- REQUIREMENT: Would you restate the listing word for word, with the images omitted?

- DATA BLOCK:
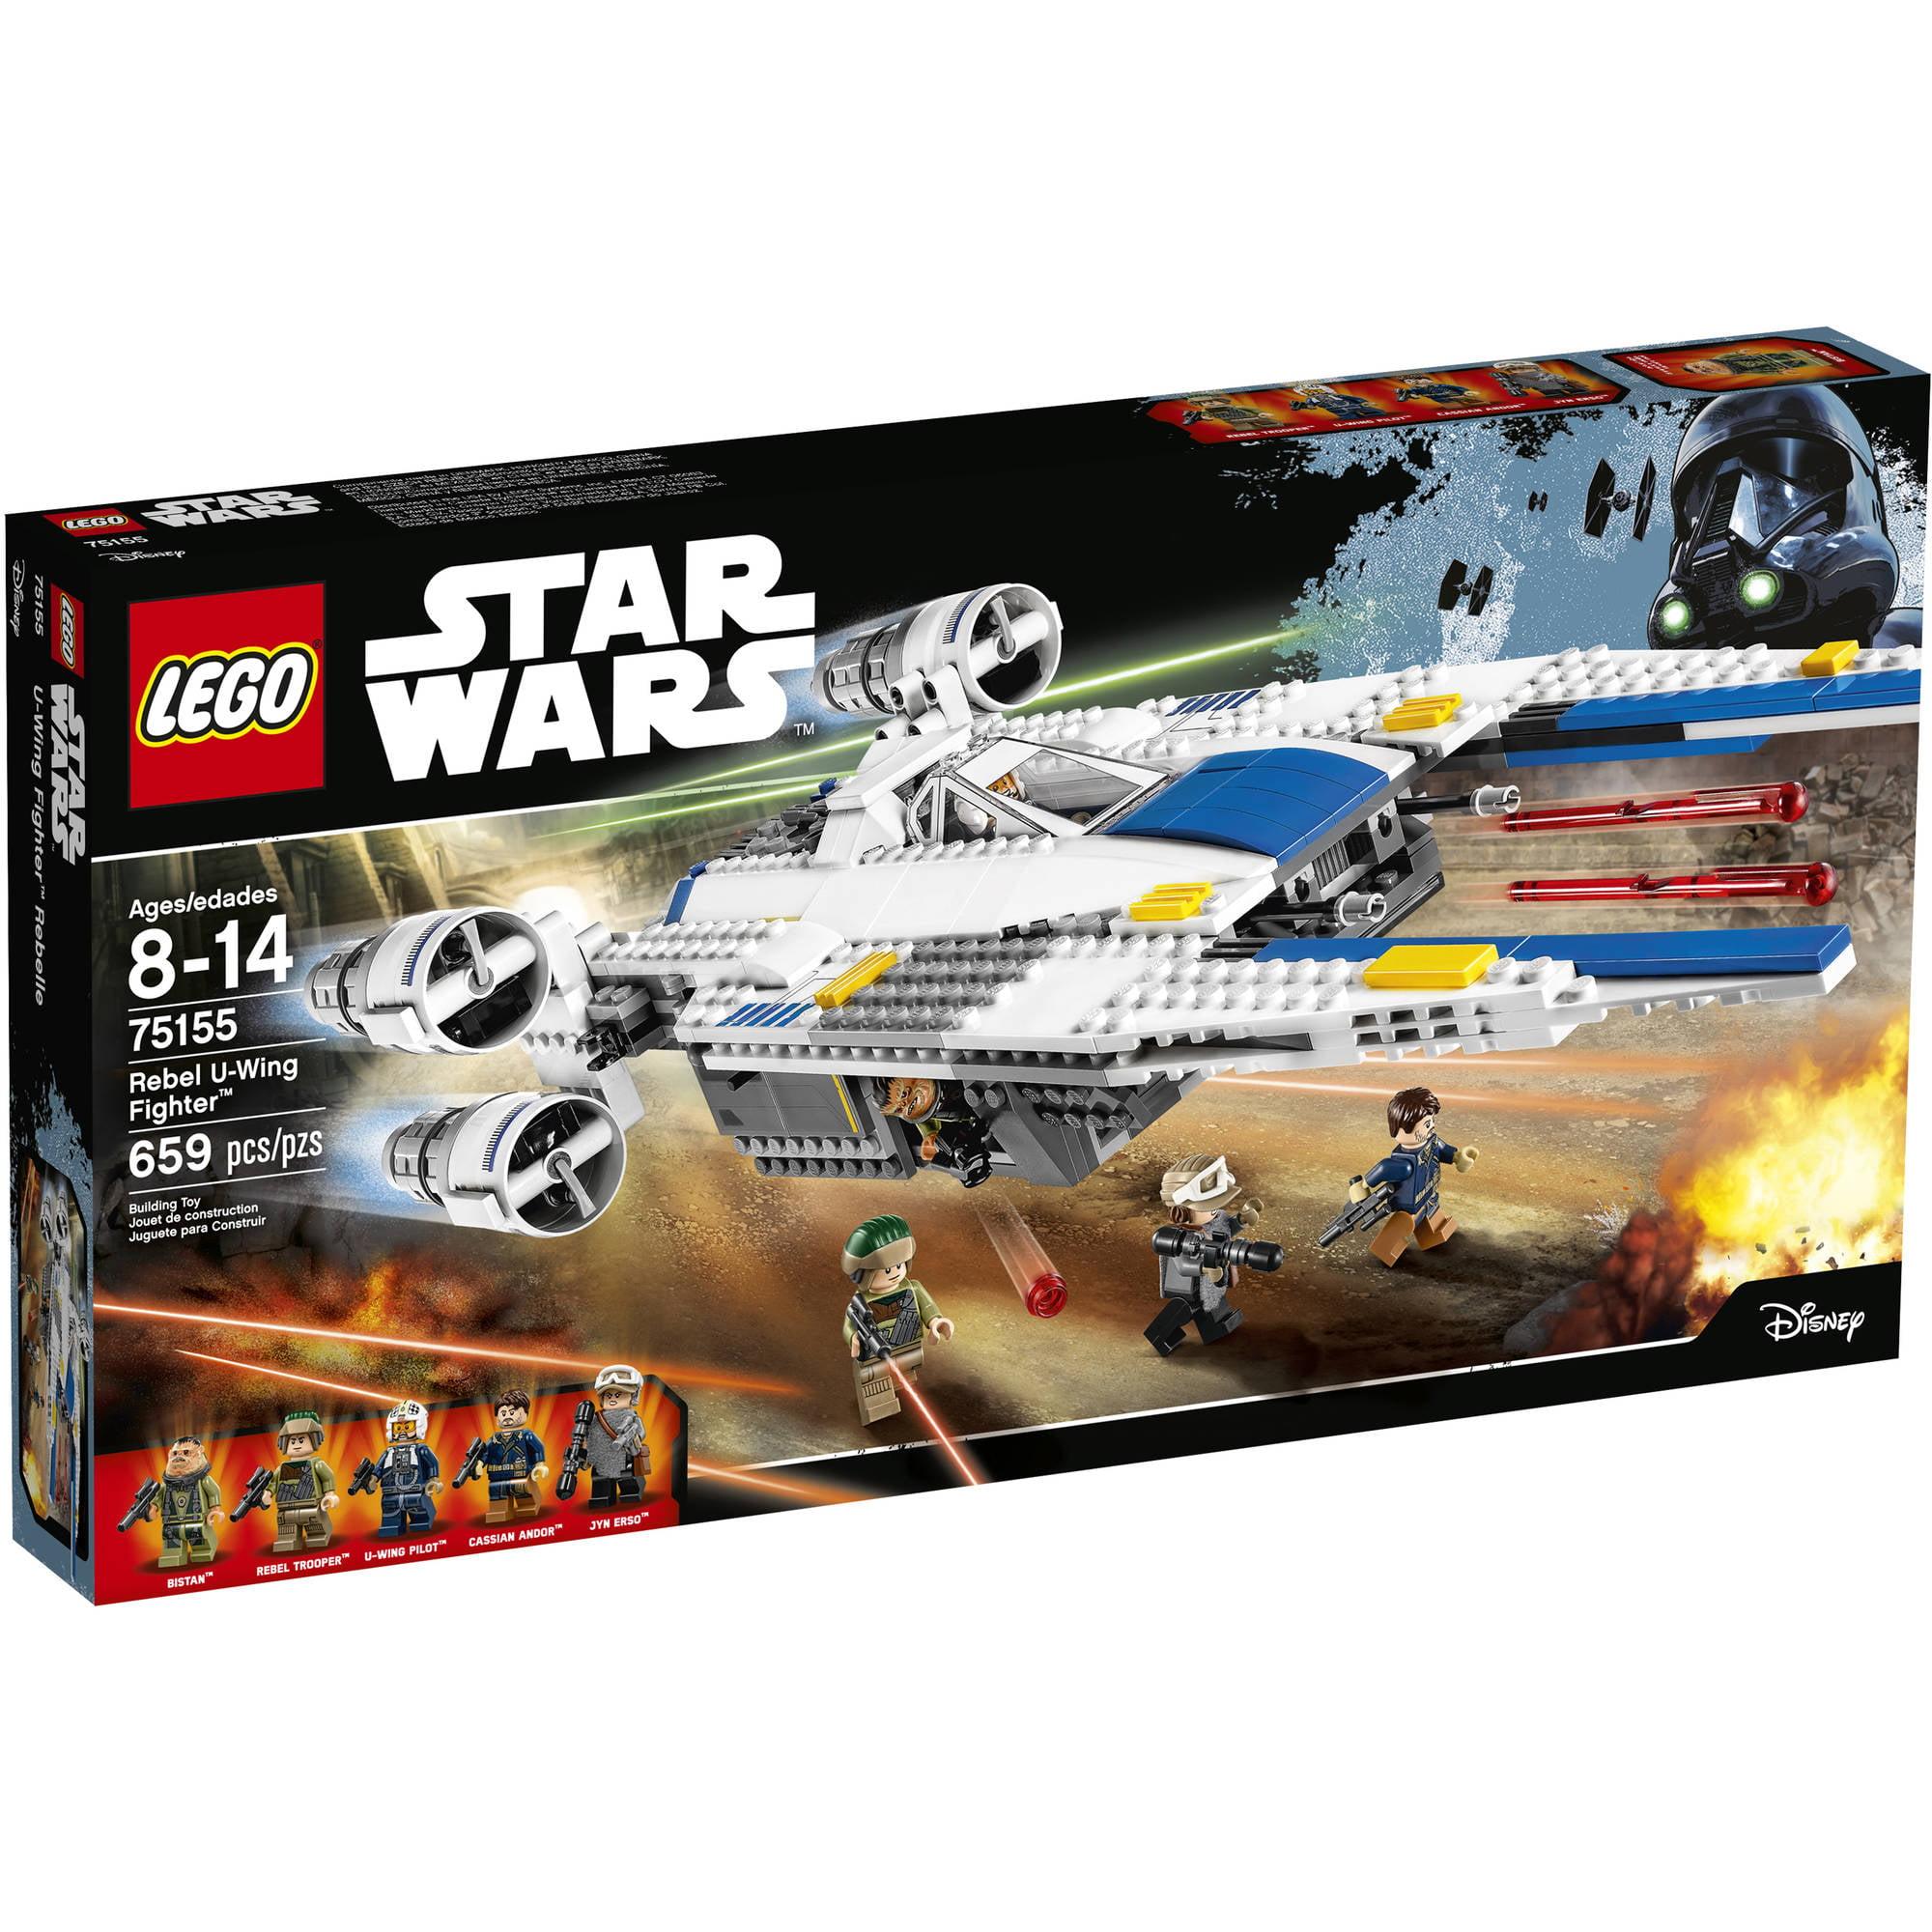 Lego Star Wars TM Rebel U-Wing Fighter 75155 by LEGO Systems, Inc.
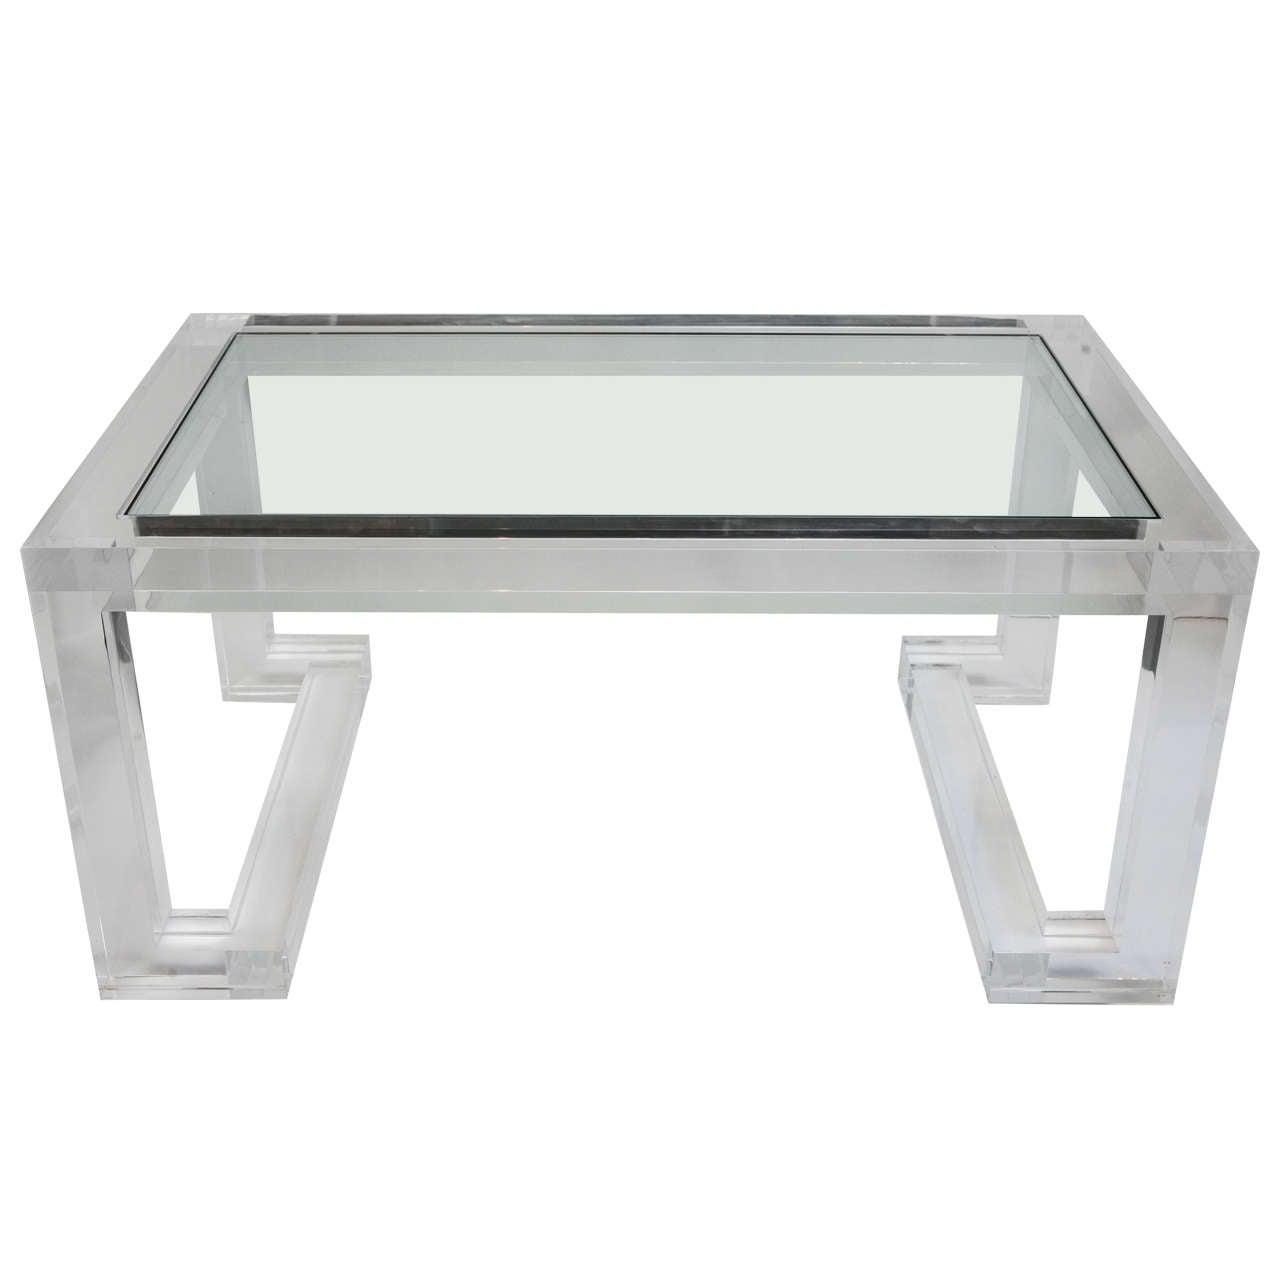 Acrylic And Glass Coffee Table: Acrylic And Glass Coffee Table At 1stdibs
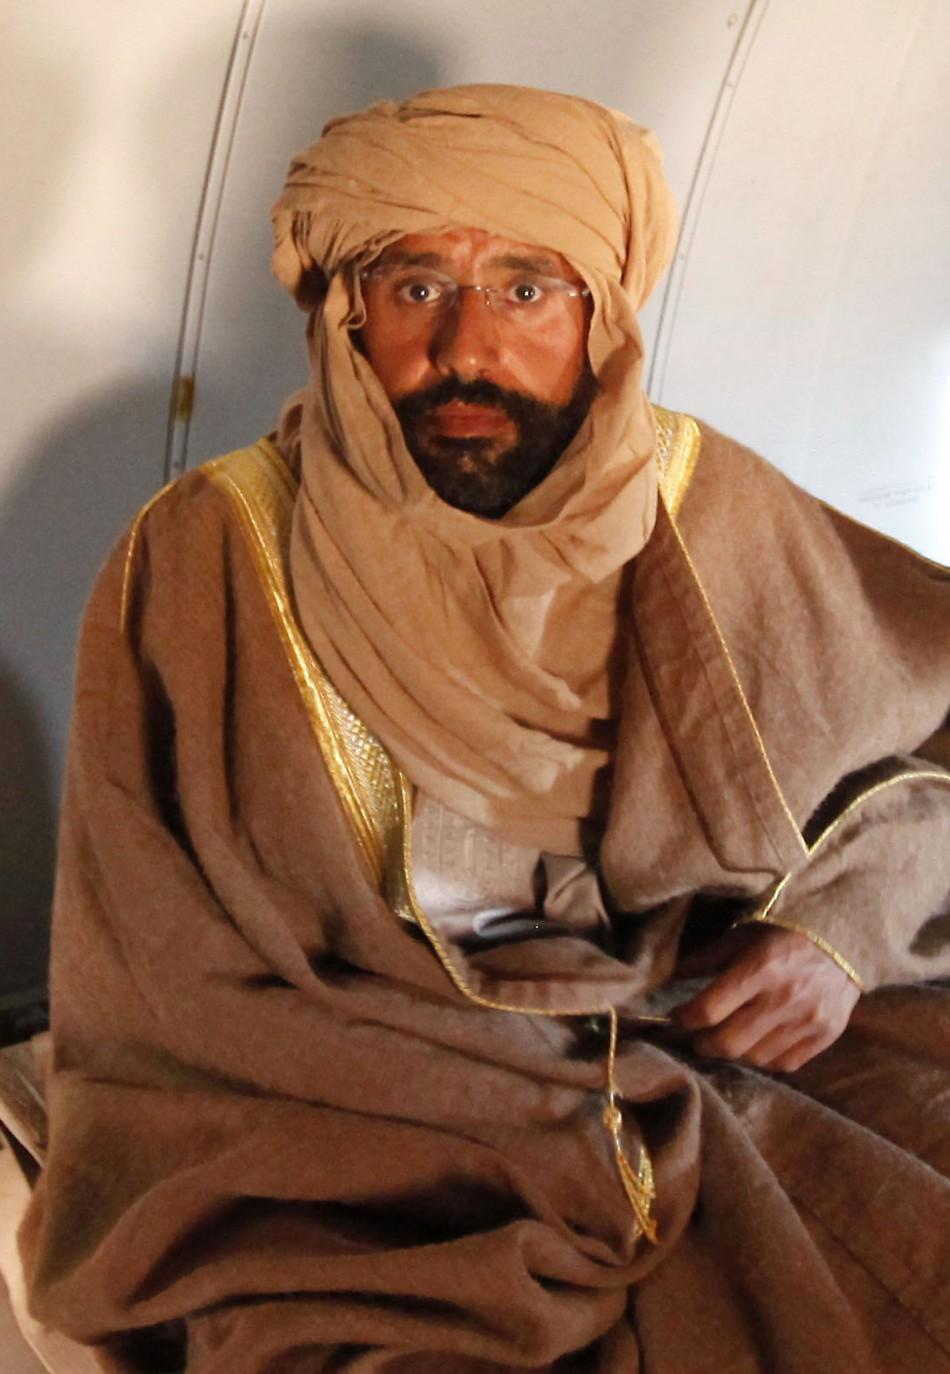 Saif Gaddafi sitting in Zintan after arrest on November 19

- RESULT OF THIS TASK:
 Lego Star Wars TM Rebel U-Wing Fighter 75155 by LEGO Systems, Inc.
 Acrylic And Glass Coffee Table: Acrylic And Glass Coffee Table At 1stdibs
 Saif Gaddafi sitting in Zintan after arrest on November 19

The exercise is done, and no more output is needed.